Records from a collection
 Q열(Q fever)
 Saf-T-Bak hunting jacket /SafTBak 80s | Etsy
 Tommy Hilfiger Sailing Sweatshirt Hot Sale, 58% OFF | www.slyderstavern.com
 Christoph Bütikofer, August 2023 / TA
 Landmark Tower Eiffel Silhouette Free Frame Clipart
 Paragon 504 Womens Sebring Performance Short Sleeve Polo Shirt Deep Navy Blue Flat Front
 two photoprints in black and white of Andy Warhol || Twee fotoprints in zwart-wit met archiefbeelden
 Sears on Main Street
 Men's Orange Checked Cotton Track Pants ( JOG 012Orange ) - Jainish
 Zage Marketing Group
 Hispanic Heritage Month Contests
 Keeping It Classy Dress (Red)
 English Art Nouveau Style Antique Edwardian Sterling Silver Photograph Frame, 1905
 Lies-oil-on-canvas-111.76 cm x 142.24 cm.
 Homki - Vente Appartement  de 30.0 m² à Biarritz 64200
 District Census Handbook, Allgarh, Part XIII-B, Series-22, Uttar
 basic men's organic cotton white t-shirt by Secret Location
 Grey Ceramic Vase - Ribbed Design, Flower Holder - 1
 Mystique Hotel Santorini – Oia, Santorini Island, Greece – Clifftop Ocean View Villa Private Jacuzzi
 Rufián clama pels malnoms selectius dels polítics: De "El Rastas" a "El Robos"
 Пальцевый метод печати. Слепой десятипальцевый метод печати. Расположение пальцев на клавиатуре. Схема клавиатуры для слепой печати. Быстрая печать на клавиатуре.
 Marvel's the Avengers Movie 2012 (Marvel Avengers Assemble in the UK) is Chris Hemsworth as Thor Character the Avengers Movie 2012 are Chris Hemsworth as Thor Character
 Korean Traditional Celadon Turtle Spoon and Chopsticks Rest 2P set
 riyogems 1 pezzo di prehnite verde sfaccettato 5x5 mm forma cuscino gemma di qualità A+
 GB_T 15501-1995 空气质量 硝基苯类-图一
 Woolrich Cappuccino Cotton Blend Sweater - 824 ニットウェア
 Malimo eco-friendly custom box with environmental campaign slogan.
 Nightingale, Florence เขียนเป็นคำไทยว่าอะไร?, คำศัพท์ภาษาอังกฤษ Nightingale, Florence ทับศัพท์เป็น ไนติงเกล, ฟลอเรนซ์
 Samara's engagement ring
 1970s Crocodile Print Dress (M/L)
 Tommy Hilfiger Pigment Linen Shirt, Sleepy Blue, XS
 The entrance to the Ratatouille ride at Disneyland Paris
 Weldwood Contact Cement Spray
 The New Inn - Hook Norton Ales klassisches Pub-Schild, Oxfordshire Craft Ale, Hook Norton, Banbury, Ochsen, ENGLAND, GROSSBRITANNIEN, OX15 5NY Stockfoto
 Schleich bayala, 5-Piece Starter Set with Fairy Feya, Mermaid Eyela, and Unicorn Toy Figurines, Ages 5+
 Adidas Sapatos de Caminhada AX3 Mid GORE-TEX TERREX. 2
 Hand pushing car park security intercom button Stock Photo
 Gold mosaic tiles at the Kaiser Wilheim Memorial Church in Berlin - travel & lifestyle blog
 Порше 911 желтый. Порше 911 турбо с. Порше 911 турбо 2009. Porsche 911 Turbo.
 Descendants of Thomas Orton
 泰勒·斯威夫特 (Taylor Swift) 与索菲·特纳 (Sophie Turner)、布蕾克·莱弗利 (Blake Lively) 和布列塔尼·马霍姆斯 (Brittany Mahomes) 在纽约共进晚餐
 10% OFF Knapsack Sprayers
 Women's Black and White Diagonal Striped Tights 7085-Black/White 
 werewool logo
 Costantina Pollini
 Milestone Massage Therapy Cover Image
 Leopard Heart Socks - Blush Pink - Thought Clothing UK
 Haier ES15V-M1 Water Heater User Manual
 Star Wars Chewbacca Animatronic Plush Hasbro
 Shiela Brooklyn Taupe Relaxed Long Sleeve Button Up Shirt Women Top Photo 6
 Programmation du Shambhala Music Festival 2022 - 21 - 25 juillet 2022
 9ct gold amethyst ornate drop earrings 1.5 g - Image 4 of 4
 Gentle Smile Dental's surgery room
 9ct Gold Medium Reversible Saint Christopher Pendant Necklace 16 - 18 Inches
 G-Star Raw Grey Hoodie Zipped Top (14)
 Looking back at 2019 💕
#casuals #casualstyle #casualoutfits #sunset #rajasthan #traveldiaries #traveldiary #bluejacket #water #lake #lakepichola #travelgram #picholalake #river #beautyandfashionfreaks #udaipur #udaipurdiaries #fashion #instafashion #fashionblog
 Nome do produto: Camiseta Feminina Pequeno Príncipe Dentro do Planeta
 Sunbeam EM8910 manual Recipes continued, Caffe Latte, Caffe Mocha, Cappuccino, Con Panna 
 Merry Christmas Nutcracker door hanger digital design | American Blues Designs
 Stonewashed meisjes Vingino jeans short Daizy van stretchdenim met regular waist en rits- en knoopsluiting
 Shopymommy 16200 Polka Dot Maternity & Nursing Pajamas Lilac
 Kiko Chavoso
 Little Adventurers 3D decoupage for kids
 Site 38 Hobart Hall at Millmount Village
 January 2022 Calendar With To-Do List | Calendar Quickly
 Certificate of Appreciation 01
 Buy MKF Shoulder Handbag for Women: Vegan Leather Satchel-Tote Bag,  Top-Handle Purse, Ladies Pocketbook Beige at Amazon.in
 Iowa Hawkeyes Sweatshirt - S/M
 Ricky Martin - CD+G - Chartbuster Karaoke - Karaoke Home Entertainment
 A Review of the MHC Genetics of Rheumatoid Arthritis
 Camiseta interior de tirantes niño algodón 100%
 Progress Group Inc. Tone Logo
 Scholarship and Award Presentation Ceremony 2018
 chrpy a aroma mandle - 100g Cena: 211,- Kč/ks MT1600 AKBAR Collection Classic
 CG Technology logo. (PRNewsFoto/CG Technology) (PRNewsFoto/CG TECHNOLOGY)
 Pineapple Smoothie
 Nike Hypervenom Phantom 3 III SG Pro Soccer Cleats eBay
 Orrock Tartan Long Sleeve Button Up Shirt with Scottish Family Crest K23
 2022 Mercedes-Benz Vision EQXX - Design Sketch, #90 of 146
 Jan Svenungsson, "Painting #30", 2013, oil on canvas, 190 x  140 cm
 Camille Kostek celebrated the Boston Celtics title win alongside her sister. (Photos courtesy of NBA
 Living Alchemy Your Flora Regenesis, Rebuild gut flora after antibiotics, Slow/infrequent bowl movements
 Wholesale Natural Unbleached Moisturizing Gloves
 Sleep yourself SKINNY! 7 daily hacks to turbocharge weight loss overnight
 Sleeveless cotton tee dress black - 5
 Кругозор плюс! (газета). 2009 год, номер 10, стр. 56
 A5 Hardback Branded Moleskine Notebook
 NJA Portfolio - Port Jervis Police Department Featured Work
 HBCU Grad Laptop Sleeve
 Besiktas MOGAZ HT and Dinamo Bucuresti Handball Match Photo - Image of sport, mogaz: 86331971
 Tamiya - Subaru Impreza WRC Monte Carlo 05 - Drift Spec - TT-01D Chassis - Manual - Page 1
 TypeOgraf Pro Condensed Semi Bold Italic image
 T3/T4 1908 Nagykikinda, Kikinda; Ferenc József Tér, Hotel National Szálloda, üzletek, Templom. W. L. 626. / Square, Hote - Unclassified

** Prompt **
Give only the lines from the one holding "Keeping It Classy Dress (Red)" through the one holding "Rufián clama pels", each restated exactly as it appears above.

** Task answer **
 Keeping It Classy Dress (Red)
 English Art Nouveau Style Antique Edwardian Sterling Silver Photograph Frame, 1905
 Lies-oil-on-canvas-111.76 cm x 142.24 cm.
 Homki - Vente Appartement  de 30.0 m² à Biarritz 64200
 District Census Handbook, Allgarh, Part XIII-B, Series-22, Uttar
 basic men's organic cotton white t-shirt by Secret Location
 Grey Ceramic Vase - Ribbed Design, Flower Holder - 1
 Mystique Hotel Santorini – Oia, Santorini Island, Greece – Clifftop Ocean View Villa Private Jacuzzi
 Rufián clama pels malnoms selectius dels polítics: De "El Rastas" a "El Robos"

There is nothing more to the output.